Each of the other units levies will come DOWN slightly.
How can you allow an extension and believe they dont have to have the new size registered? they would no be able to sell the unit until it is registered with the Deeds Office anyway
Butch
The ST Act is clear, if you add 20% by extension! the whole complex PQ must be recalculated. You have no choice. This is in ST act.
I read:
C. Section 24(6)(d) dealing with extensions of sections has been amended:
– first to make it clear that the 10% deviation threshold applies to the section being extended,
– second to provide that a land surveyor or architect rather than a conveyancer must certify the extent of the deviation where it is less than 10% and
– third to provide that where the deviation is more than 10 percent the conveyancer must give a certificate confirming that all mortgagees have consented to the registration of the sectional plan of extension
But it is still not clear what an extension is.
Yes, we also have a owner in our subtitle scheme who build himself what he called a patio. Including an expensive braai. The structure are an extension from his living room into the exclusive garden area, with extending his unit floor area with about 18 square meters. The braai chimney were fitted on the roof of the patio, not on top of the required roof of the head building.

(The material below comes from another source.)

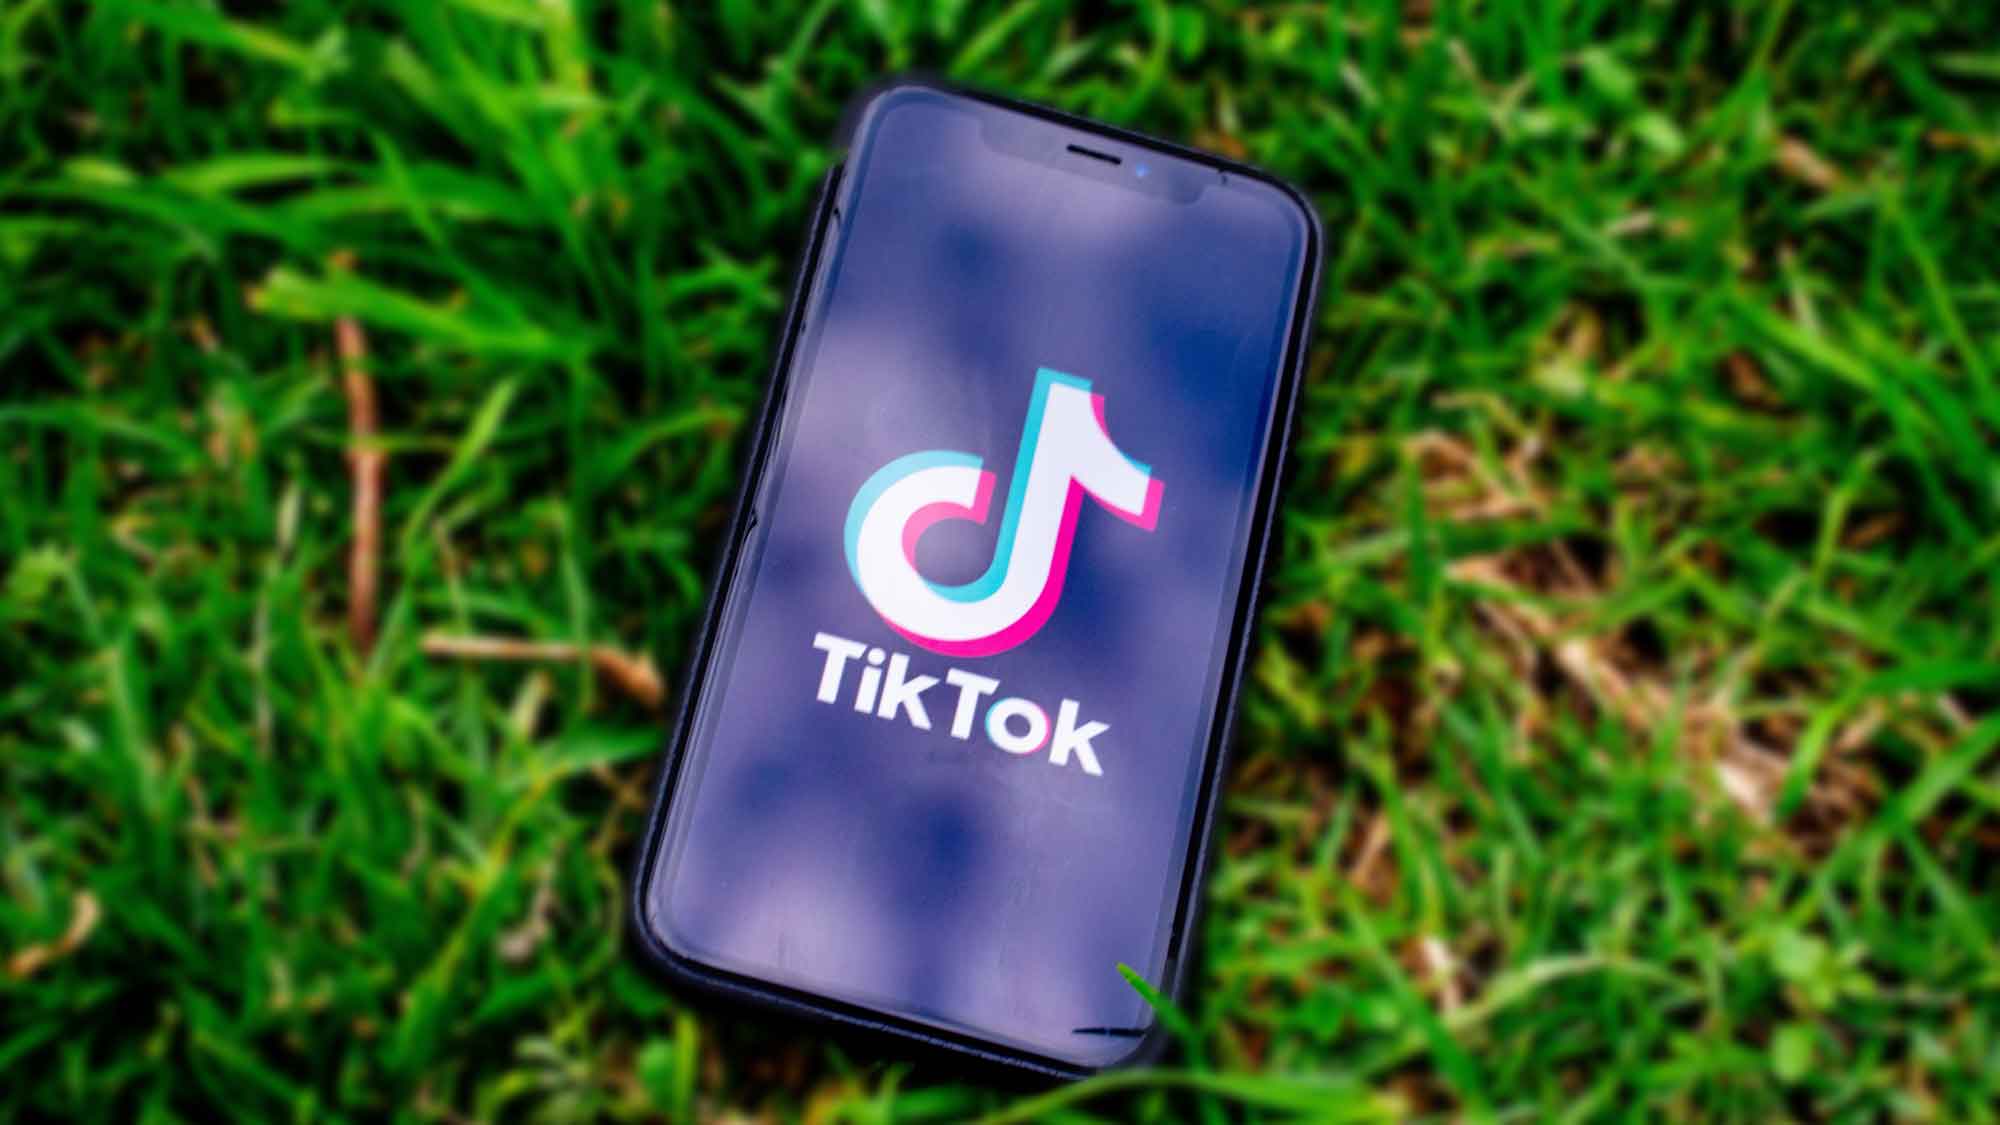 Who Will Buy TikTok? Microsoft, Twitter, Facebook, Google, Oracle, Or Someone Else?
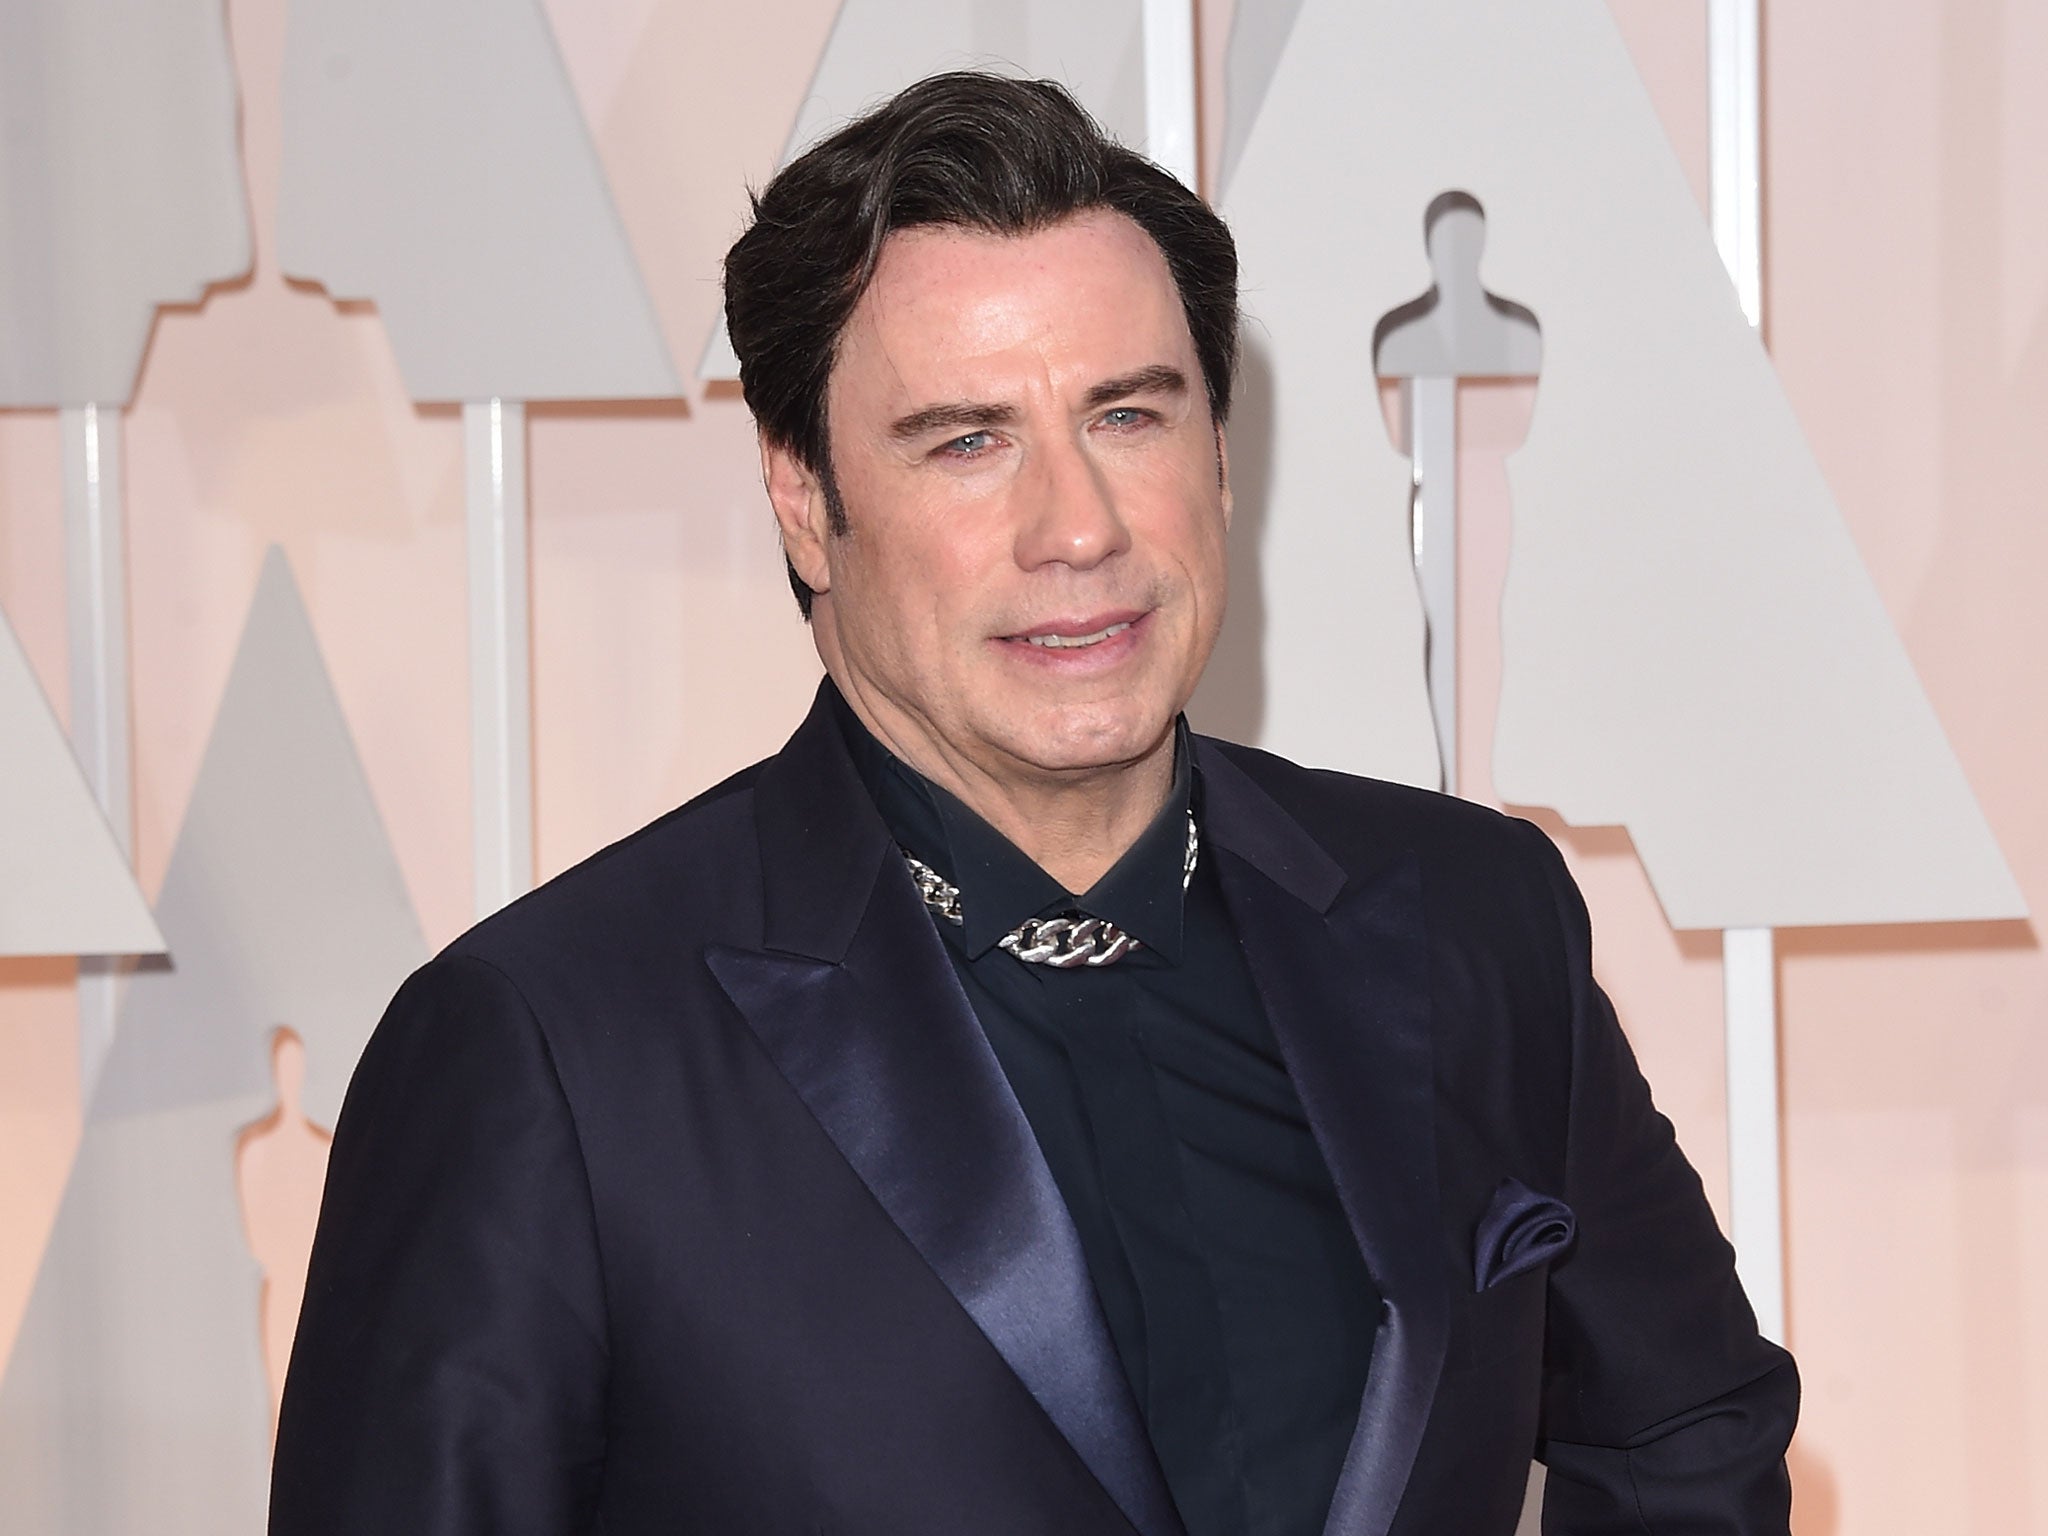 John Travolta dismisses new Scientology documentary by former member Leah Remini The Independent The Independent pic

The trustees only gave permission to the structure with no braai and with certain conditions referring to the subtitle law. Now, three years later, we still struggle to get him to complete his commitment to section 24 – 25 of the subtitle law. We succeed that he finally remove his braai, but what is very bad for us trustees in this case, our Agent Manager are not very helpful to urge the owner to complete his commitment. According to the Surveyor-General who have to submit a new draft of the sectional plan, the owner are obliged to pay levy of the new extension.(There are no exemptions of 10% to the extension of living area to be considered by law.) The Trustees wrote letters upon letters to this owner, with no success. We need advice with this stubborn owner and who are responsible for cost if we decide to send him attorney letters?
However, since an owner may increase his/her living or liveable area by a maximum of 10% of the area of his/her unit without incurring an increase in levy, an extension of living space may be considered (in my case that would be a further 12.2 square meters).
forwarded: Murray Bennett replied on Fri, 25 Apr 2014
The entire PQ for the complex has to be recalculated including the extension [total of all areas is 100% – each units PQ to then be recalculated to four decimal points] and the owner must pay the revised amount due.
You have to take the full 22.5% extra. This is clear under ST Act.